18 June 2020

2020 vision – why keeping a close eye on your cashflow is crucial to recovery

Managing your cashflow is never more important, or challenging, than during crisis and recovery. Scrutinising all aspects of your working capital cycle can help you identify and respond to threats and opportunities.

“Uncertain environments create greater cashflow pressures,” says Gareth Anderson, Area Director, HSBC. “The risks of non-payment are heightened, your customers and suppliers will themselves be looking to preserve cash, and forecasting stock requirements can be a struggle.”

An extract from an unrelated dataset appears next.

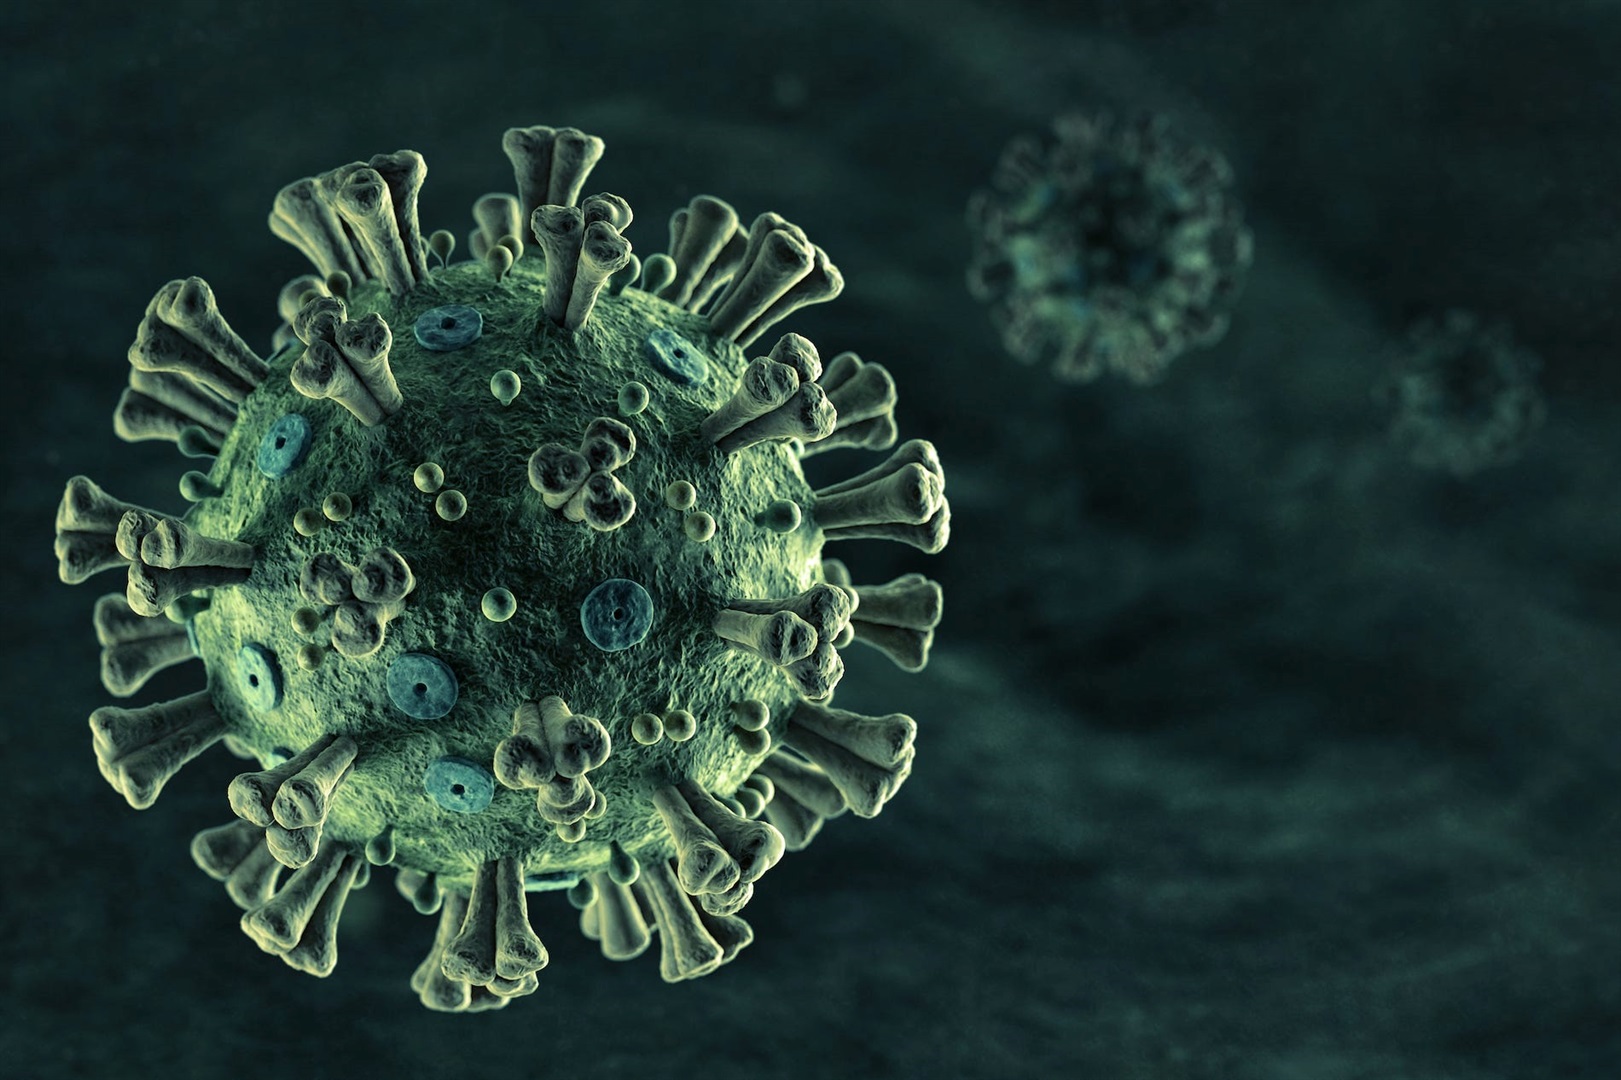 An illustration of the novel coronavirus. 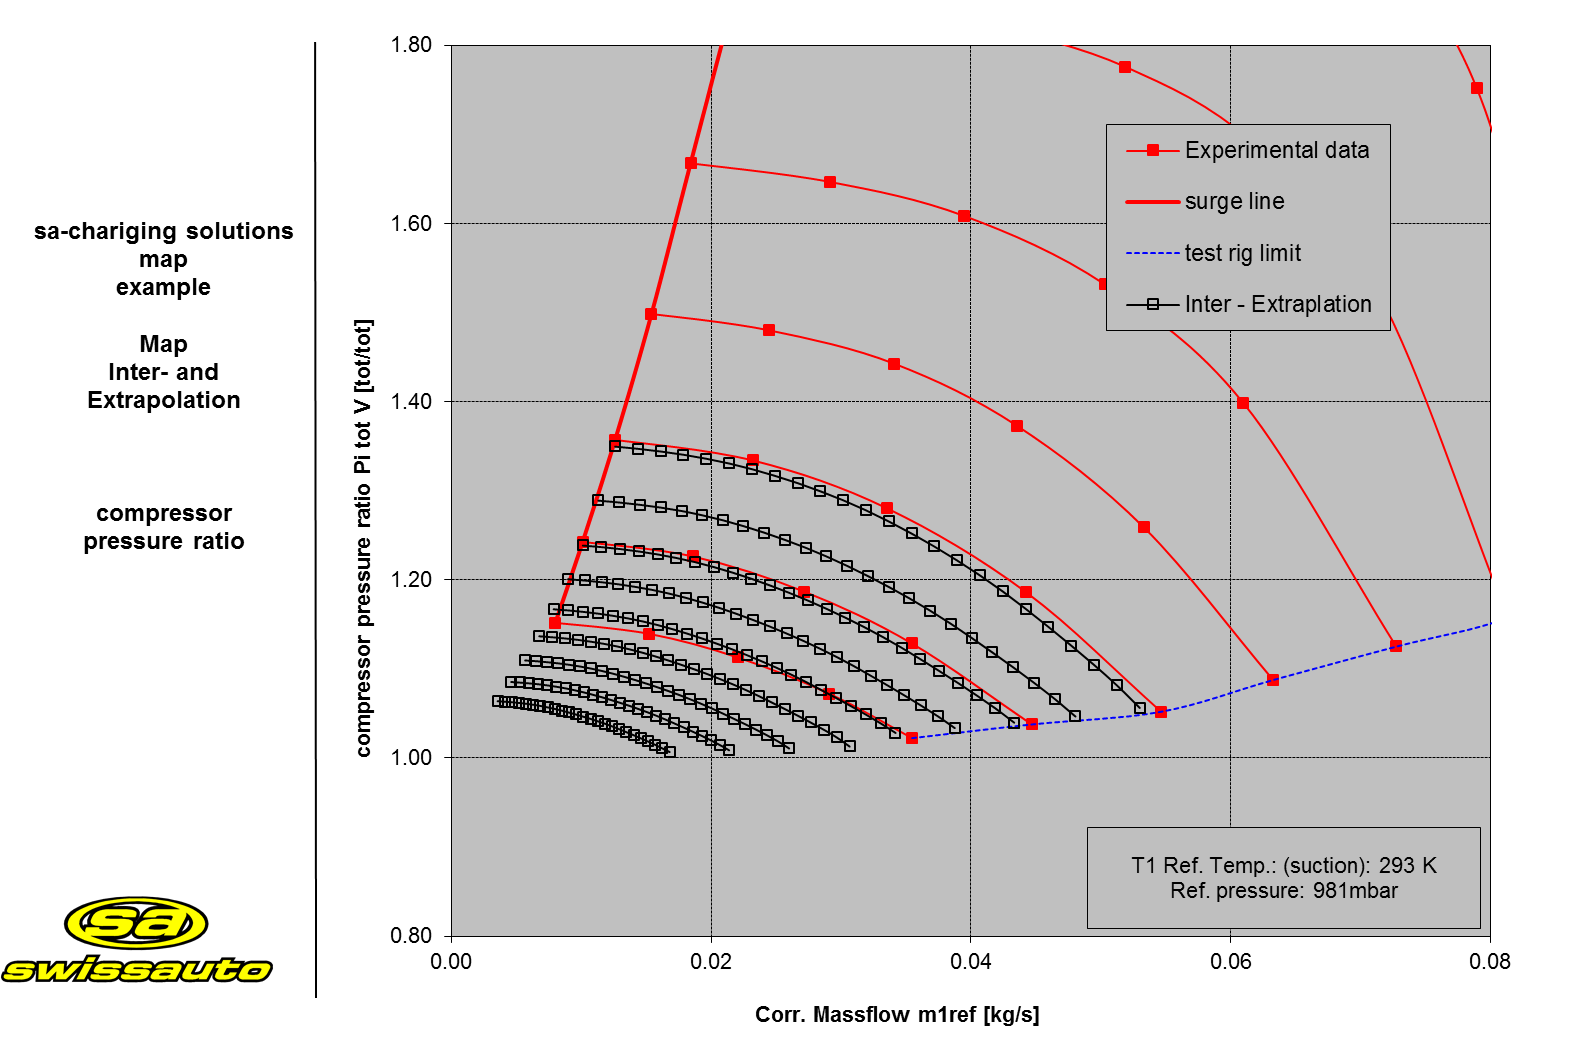 Inter- and extrapolation of the compressor pressure ratio

With all those elements of your working capital (or cashflow) cycle under stress, the key to managing the challenge, according to Gareth, is visibility.

“Having visibility over your cashflow is important under normal circumstances,” he points out. “But in times of crisis and recovery, that scrutiny needs to increase. Often, you’ll be required to make decisions more quickly, to respond and react to fast-changing circumstances. If you have visibility you can understand how these decisions will affect and be affected by your cashflow, and that puts you in a stronger position.”

Having visibility over your cashflow is important under normal circumstances but in times of crisis and recovery, that scrutiny needs to increase.

Gareth Anderson, Area Director, HSBC UK

The importance of visibility

Visibility is all about seeing and understanding the elements of your business that impact on your cash position:

  • Who owes you money and how long it has been outstanding for?
  • Who you owe money to and how quickly it needs to be paid?
  • How much stock you have and how quickly you’re able to sell it.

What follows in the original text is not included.